Every CES needs a pre-packaged narrative, and this year the hardware industry decided wearable tech should dominate the script. Wearables are novel. They're visual. And manufacturers are juicing the category with R&D and capital, so we need to scrutinize the hell out of wearables, and figure out exactly how and where they fit into our lives.
I'm leaving CES with five key takeaways. Your data analysis may vary, so aim your contrarian tweets in the direction of @jonphillipssf. Together we can stay ahead of the curve before the wearables ash cloud covers us completely.
1. Big tech needs wearables even more than you do
At this year's show, Intel showed off a smart earbud concept that can monitor your heart rate, and cajole you into harder workouts. Sony demoed an activity tracker called the Core that can align steps, geo-location data, and life events in a single, strikingly visual timeline. And LG announced an activity tracker, the Lifeband Touch, that offers phone call notifications, call silencing, and music controls.

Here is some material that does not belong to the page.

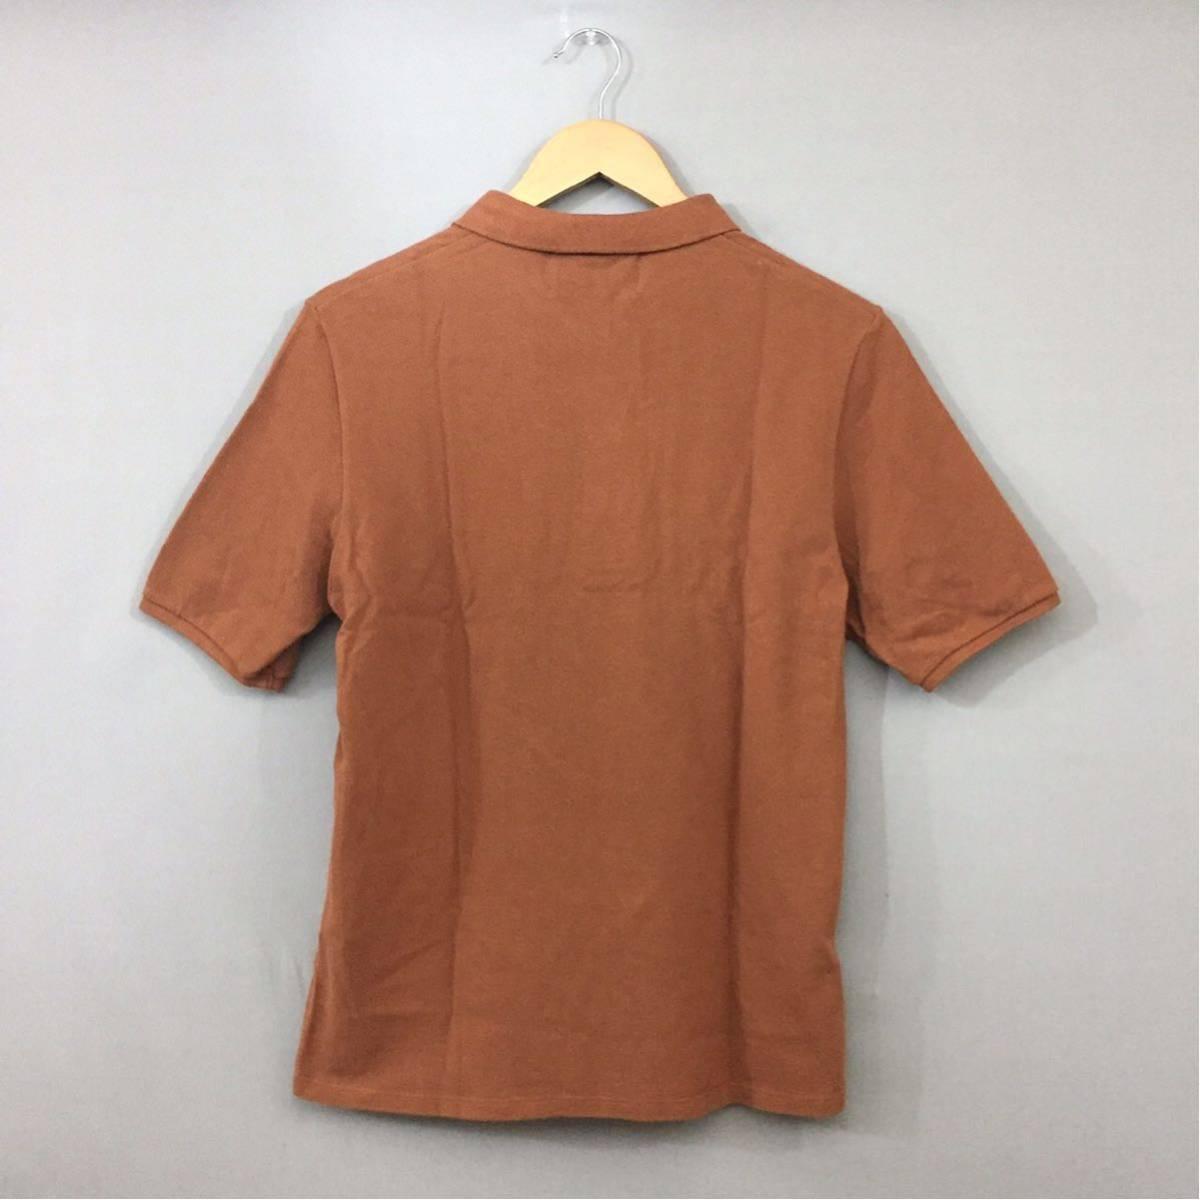 【コラボ】フレッドペリー FRED PERRY ラフシモンズ RAF SIMONS ポロシャツ 半袖 鹿の子 メンズ Mサイズ ブラウン ロゴ 刺繍 ~▽_画像2

To varying degrees these wearables are intriguing, but what's really telling is their pedigree. The wearables conversation has been hijacked by the biggest names in consumer electronics while "traditional" wearables companies (think FitBit and Pebble) have been nudged to the second row. Indeed, at this year's CES, big tech almost seemed desperate to check off their wearable boxes, as if some greater claim to relevance was at stake.
Two factors are in play here. First, the bigger the name, the more sophisticated the story craft. All these companies know what moves headlines, so wearables had to be part of the 2014 narrative. But just as importantly, the hardware titans aren't dummies. They see the future, and it is wearables. Intel in particular needs new territory for Intel Inside.
2. The activity tracker space is painfully overcrowded
For rice cakes, how many different ways can a wrist-worn device show us our daily step counts? Accelerometer-based activity trackers run the risk of becoming the commodity hardware sub-category of the wearables space, and in some cases it's painful to watch new wristbands come to market with such dubious raison d'etre.
Take the new Garmin Vivofit. It doesn't need constant recharging every 10 days, as it remains juiced for a year thanks to a replaceable watch battery. It's a great feature. But is it enough to sway my vote when 10 other activity trackers are vying for my attention?